Speciale Costa Un mese dopo la tragedia
storia, vittime, indagini

Domenica 12 Febbraio 2012 di Redazione
Il relitto della Costa Concordia

ROMA - A un mese dalla tragedia l'Italia ricorda le vittime della Costa Concordia. E come in ogni disastro con morti e famiglie distrutte tornano le parole verit e giustizia. Ieri le ha pronunciate il presidente della Cei, Angelo Bagnasco, durante una messa di suffragio celebrata nella Basilica di Santa Maria degli Angeli a Roma. Ma sono le persone coinvolte nel terribile naufragio a esigere che si traducano in fatti e sentenze che consegnino alla giustizia i responsabili. Bisogna «continuare a indagare», ha sottolineato il presidente della Repubblica, Giorgio Napolitano. Ma qual è lo stato delle cose a trenta giorni da quel venerdì 13 gennaio, quando il gigante della Costa Crociere ha speronato gli scogli delle Scole, accasciandosi, oltre un'ora più tardi, nel porto del Giglio. A che punto sono le indagini? Quale la posizione attuale del comandante Francesco Schettino? Quale il bilancio delle vittime e dei dispersi, ammesso che sia ancora realistico pensare di trovare qualche superstite nel relitto in cui ormai da giorni si è smesso di cercare?

Le indagini. Si deve fare luce sulla «tragedia» e «i magistrati meritano rispetto per l'impegno che stanno svolgendo», ha sottolineato con forza Napolitano, rinnovando «solidarietà affettuosa» ai parenti e ai familiari delle vittime ed esprimendo «senso di ammirazione» per «gli abitanti del Giglio, le autorità locali, i cittadini e la straordinaria rappresentanza delle forze dell'ordine per quello che hanno fatto e per quello che continueranno a fare per evitare il peggio». A Grosseto, intanto, l'ultimo tassello che è andato ad aggiungersi al materiale dell'inchiesta sul disastro è il video-shock trasmesso in esclusiva dal Tg5. Immagini che mostrano gli attimi dopo la collisione vissuti all'interno della plancia di comando. I pm, coordinati dal procuratore capo Francesco Verusio, stanno ascoltando da settimane ufficiali, testimoni, personale di bordo e manager della Costa, per completare il quadro indiziario.

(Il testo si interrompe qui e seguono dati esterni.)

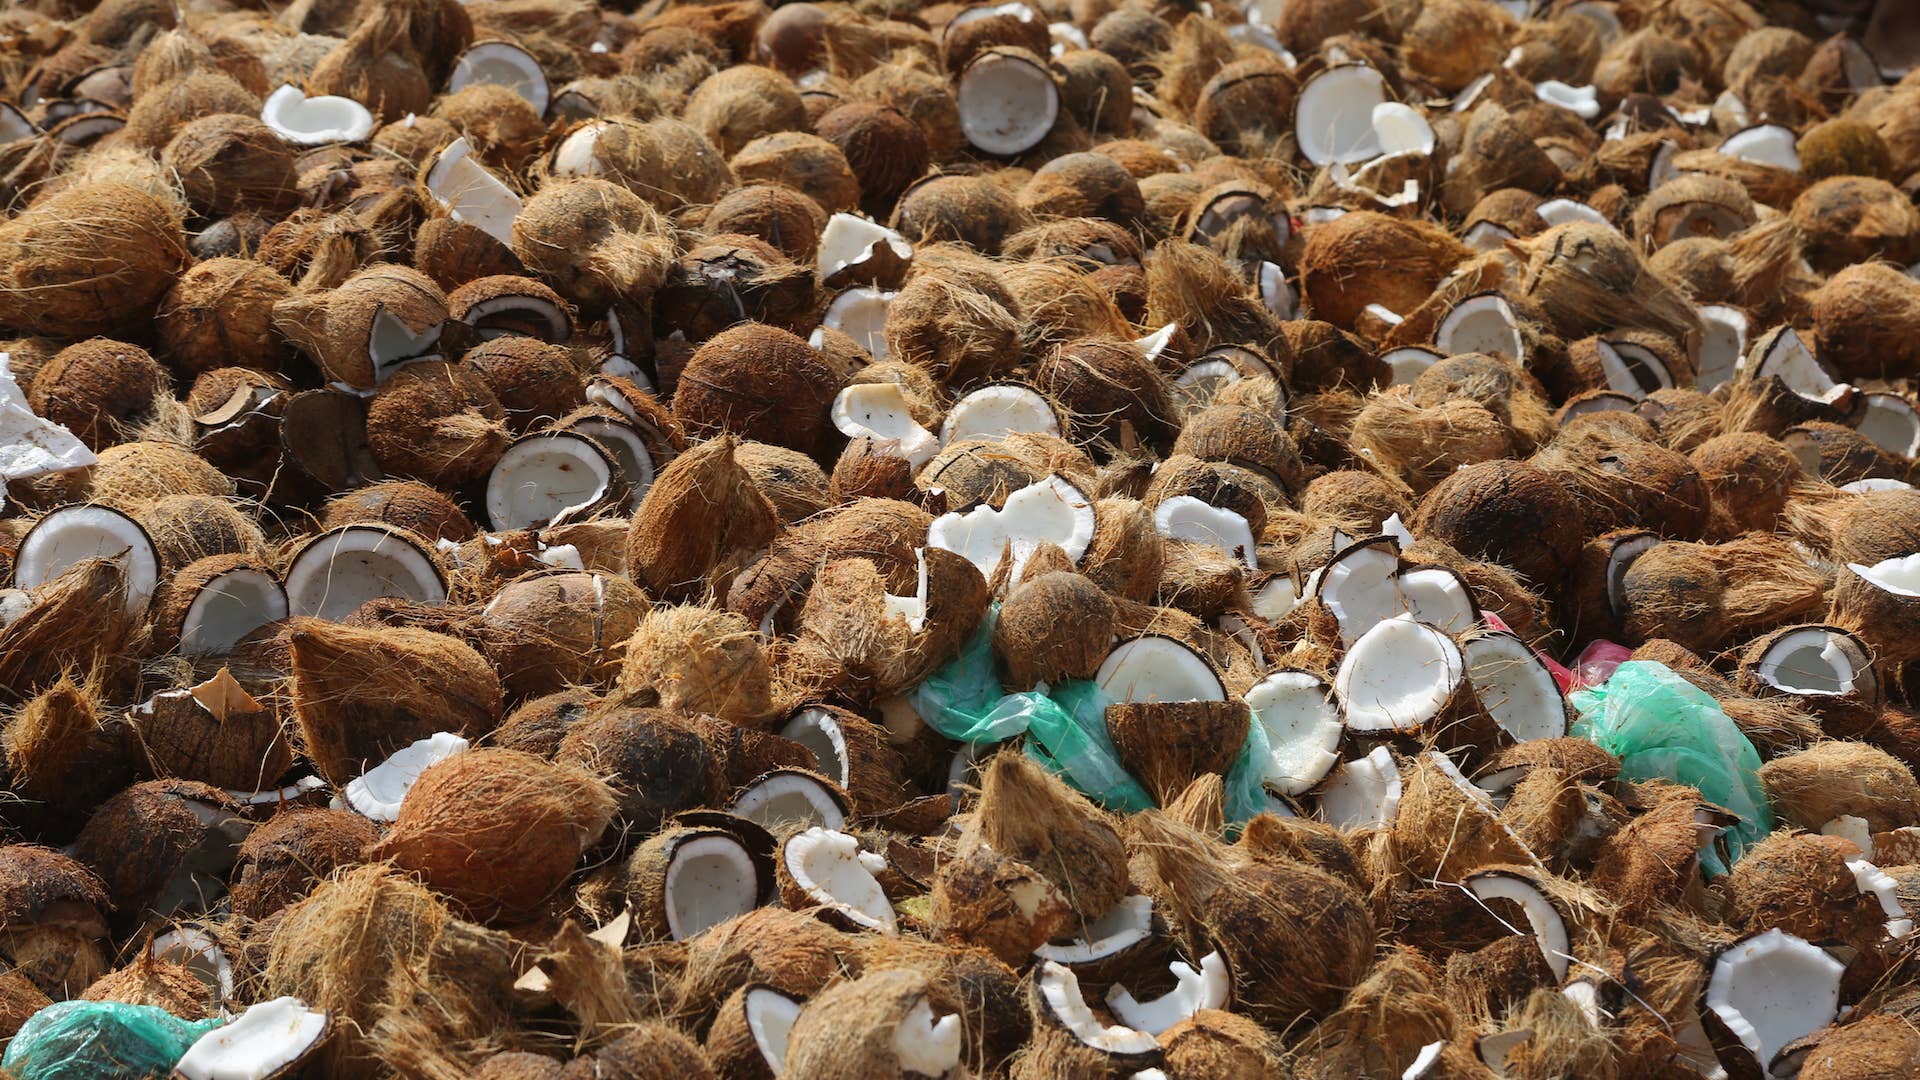 Photograph of smashed coconuts

La rotta sbagliata. Se la posizione del comandante finito su giornali e tv di tutto il mondo per aver abbandonato la nave con ancora decine di passeggeri a bordo deve ancora essere definita nel dettaglio dalle indagini, sulla rotta della Costa Concordia (video) e sull'allarme dato con netto ritardo non ci sono dubbi (la ricostruzione). La nave è passata a meno di due miglia dall'Isola. La collisione è avvenuta alle 21,45. Schettino ha dichiarato il "distress" (in gergo, la richiesta di aiuto) alle 22,34. E l'abbandono nave alle 22,58.

Il comandante Schettino. Oggi il capitano della Costa Concordia, la cui telefonata con il comandante della Capitaneria di Porto di Livorno Gregorio De Falco (ascolta) gli è valsa critiche e sfottò in tutto il pianeta, si trova agli arresti domiciliari. Il tribunale del riesame di Firenze ha confermato la misura pochi giorni fa, respingendo i ricorsi della procura di Grosseto, che chiedeva la conferma del carcere. E' indagato insieme al primo ufficiale di coperta Ciro Ambrosio per i reati di disastro e omicidio colposo. E se Schettino incarna la figura dell'antieroe nella vicenda della Costa Concordia, tanti sono i protagonisti, pavidi e coraggiosi, lupi di mare e soccorritori, vittime e inquirenti che cercano i loro carnefici. C'è anche una ballerina.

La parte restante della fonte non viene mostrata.